Clinical Research Unit
Case study
The challenge
Hot flash patient enrolment is particularly challenging due to the scarcity of patients fitting qualifying criteria. By definition, moderate hot flashes can cause disturbance in sleeping patterns, overheating and profuse sweating. For patients experiencing severe hot flashes, episodes may even require action to cool off. A sponsor was conducting an early phase clinical trial for female patients with hot flash symptoms. Potential subjects were required to keep a diary documenting daily hot flash symptoms over a 4-week qualifying period.
Eligible women were required to document a baseline average of ≥7 and ≤20 moderate to severe hot flashes per day during the last week of screening. In addition, eligible women had to experience a change of <50% in average 24-hour hot flash frequency between the first and second week of the screening period.

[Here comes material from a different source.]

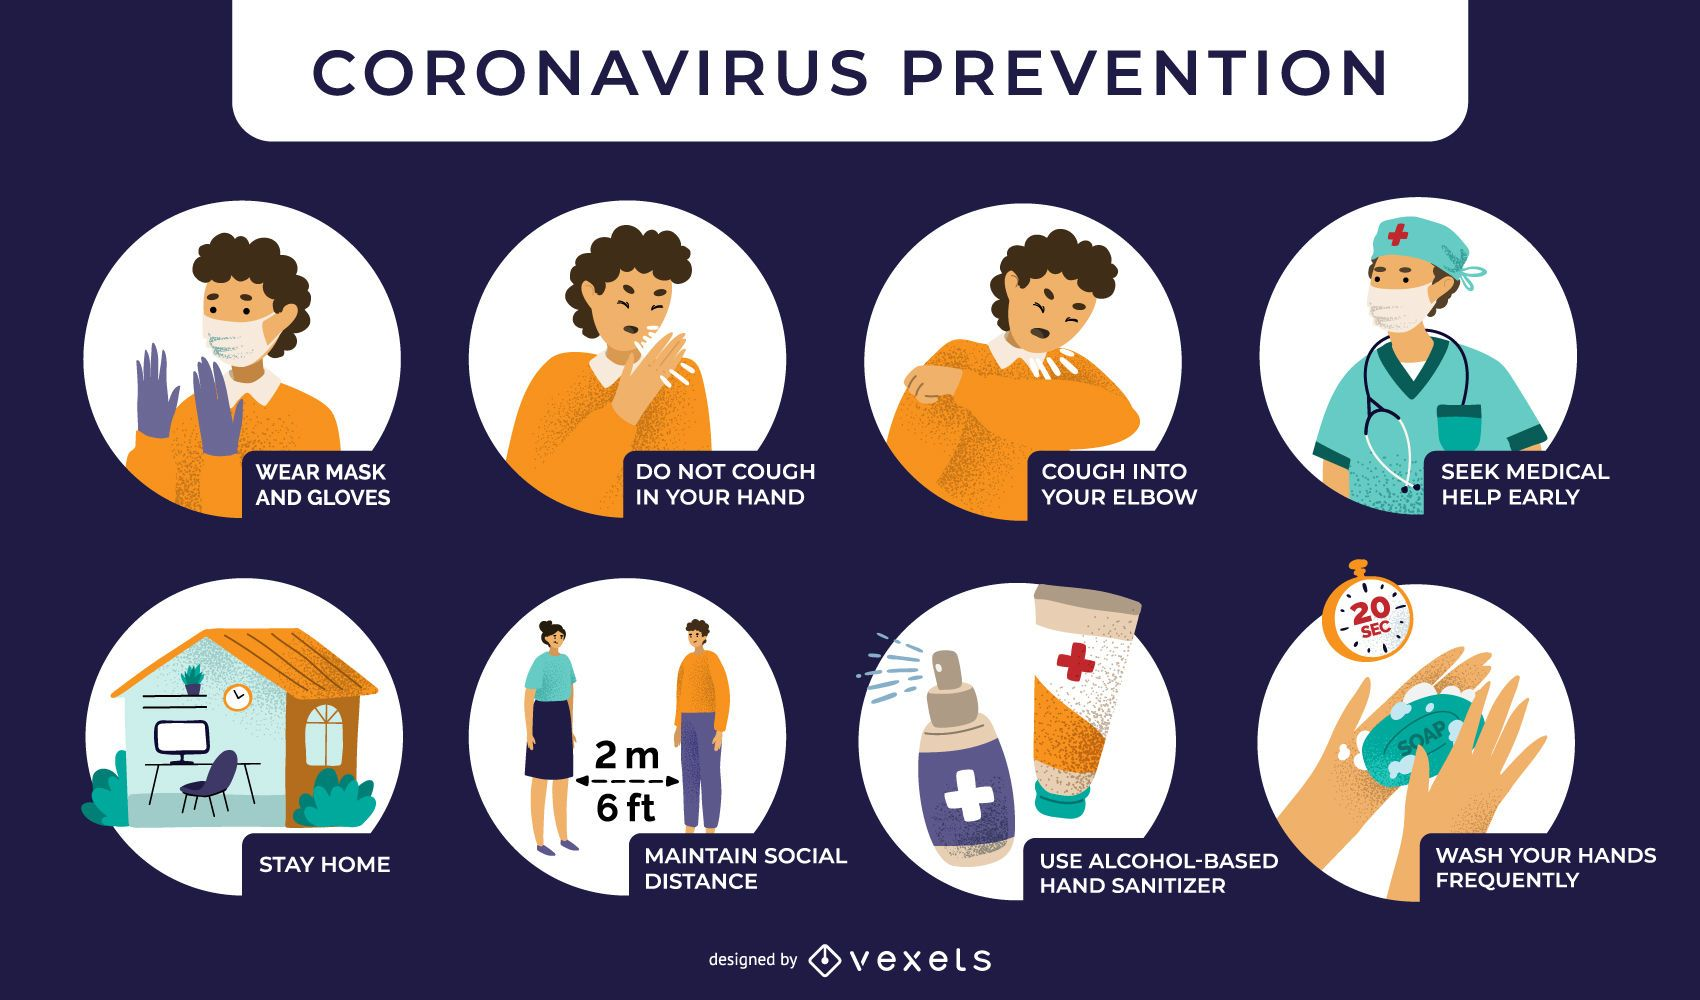 Coronavirus prevention illustrations

As a result of such stringent eligibility requirements, the site had to recruit more than the average number of subjects in order to successfully screen patients.
The solution
Generic hot flash advertising was placed into market for 14 weeks prior to study start in order to create interest. Advertising creative included a variety of media including flyers, print ads, Facebook ads, digital copy and digital billboards which took a light-hearted approach to the serious and often frustrating side effects of menopause. This was in an effort to pique the interest of postmenopausal women to engage patients, build up the database, and simplify the recruitment process.
The value of working with ICON
- Created public awareness, interest in the study and word of mouth exposure
- Created generic “hot flash study” advertising to run in advance of study start
- The creative expressed empathy for the serious side effects of hot flashes
- Added PMP females with hot flashes to the database to enhance recruitment
The outcome
During the 14-week period, the hot flash study was promoted to more than 2,400 female callers. ICON’s early-phase group was successful in adding over a hundred postmenopausal females (experiencing hot flashes) to the database before the study was opened for recruitment. Adding subjects to the database enhanced patient recruitment outcomes. Furthermore, ICON’s assistance and advertising strategy aided in streamlining the early-phase study design for the sponsor.